The US response to COVID19 is mostly guided by Governors and Mayors primarily because of their political system. Korea and Taiwan implemented a centralized national strategy with the support of other government instances (Haffajee & Mello, 2020; Kim, Oh & Wang, 2020). Canada has the Health Portfolio Operations Centre (HPOC), which concentrates the operations at different levels of government. While in UK the response to the crisis was diverse in the different regions, in Switzerland, the communication and agreement between all levels of government was strong from the very beginning, based on mutual learning and integration (Gaskell & Stoker, 2020). The Organisation for Economic Cooperation & Development OECD (2020) argues that coordinated response across regions and states minimize coordination failures since they avoid the “pass the buck” behavior.
We assume that the targeted attacks represent the centralization of the efforts to isolate municipalities and states following specific and wellengineered strategies. Such coordination is only possible with a consensus at federal, state, and municipal levels since systematized isolation rely on the adherence of all involved parts. The random failures, on the other hand, abstract independent and decentralized actions. Within this framework, the federal initiatives towards SARSCoV2 containment are more effective in breaking the transmission network than leaving the cities (or states) on their own. We have shown that random failures usually take longer to dismantle the networks than choosing the nodes with some criteria.

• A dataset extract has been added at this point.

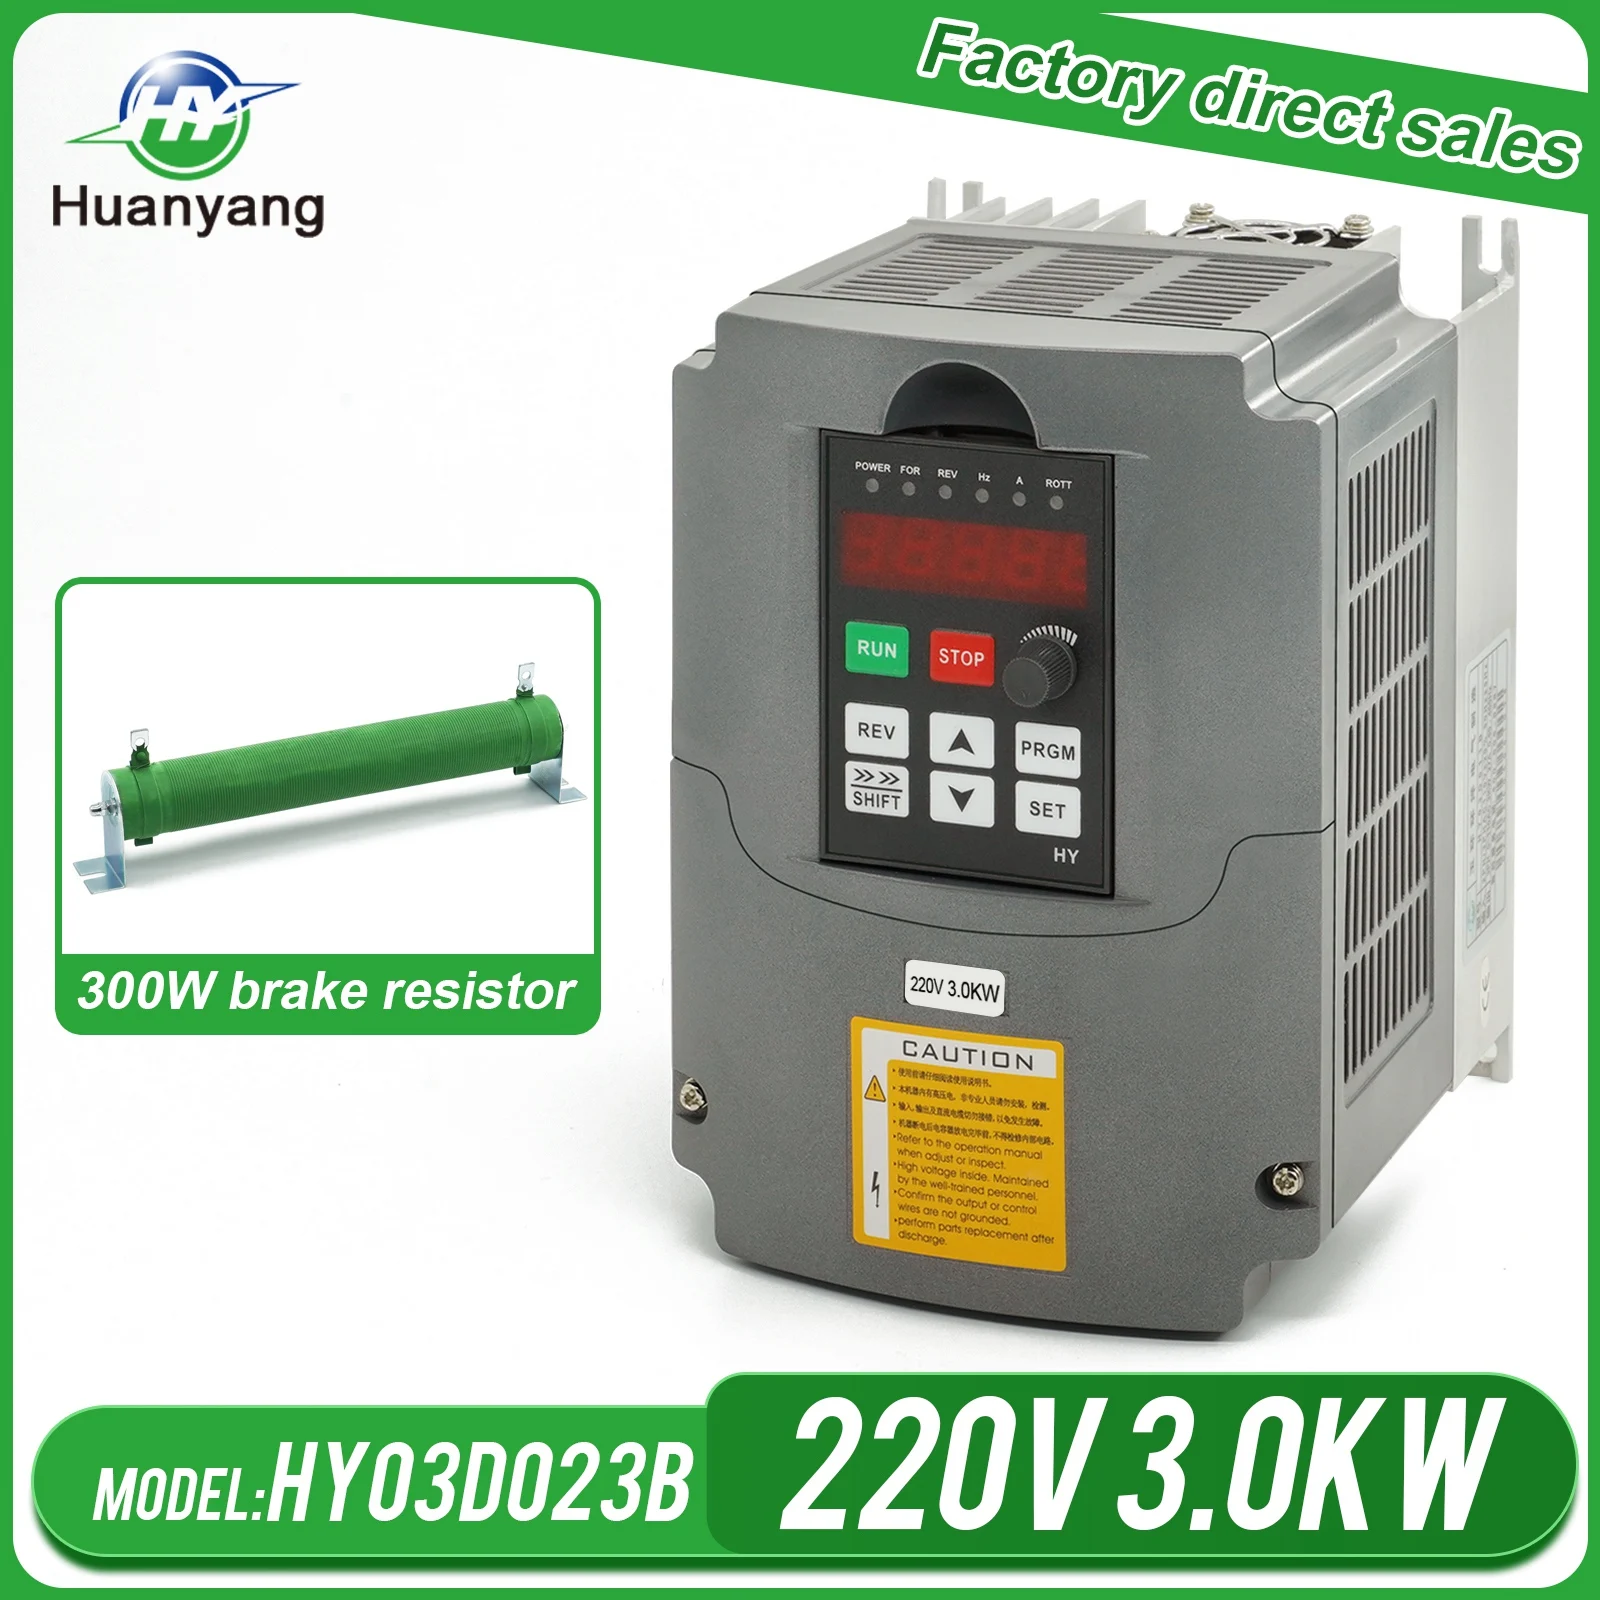 INVERTER VSD HUAN YANG 1.5KW,2.2KW,3KW,4KW,5.5KW,7.5KW VARIABLE FREQUENCY DRIVE

However, both the targeted attacks and the reactive strategy are possibly not feasible in some regions due to the widely divergent kinds of issues they may face (Gaskell & Stoker, 2020), where the authorities must tailor specific strategies at the local level. The conducted robustness analysis points out the more central cities according to the network metrics and how their isolation impacts in connectivity and the flow of people. We thus present action plans that depend on cooperation and could conceivably rearrange in realworld scenarios.
Conclusions
Based on the robustness analysis, the reactive strategy is not effective in reducing the size of the giant component nor breaking the mobility network into disconnected groups when compared to the targeted attacks. Moreover, the federal actions have a substantial impact on the network, while the local ones usually do not break it before almost all cities are isolated. Choosing the cities with higher degrees for the targeted attacks is the best option in most cases, considering the size of the largest component, especially for the two largest networks (N = 5,420 and N = 620 cities). However, there is a transition, showing that the vulnerability index performs nearly the same as the degree for the São Paulo State network, and it is the best choice for the network of the Brazilian states (N = 27 nodes) under most threshold levels. The total flow of the network is affected similarly by both the targeted attacks and the reactive strategy, but the former is more well succeeded when guided by the strength measure. Lastly, the removal of regions ordered by their betweenness centrality generates a higher number of disconnected islands in the mobility network, which ensures the containment of the disease within small isolated groups.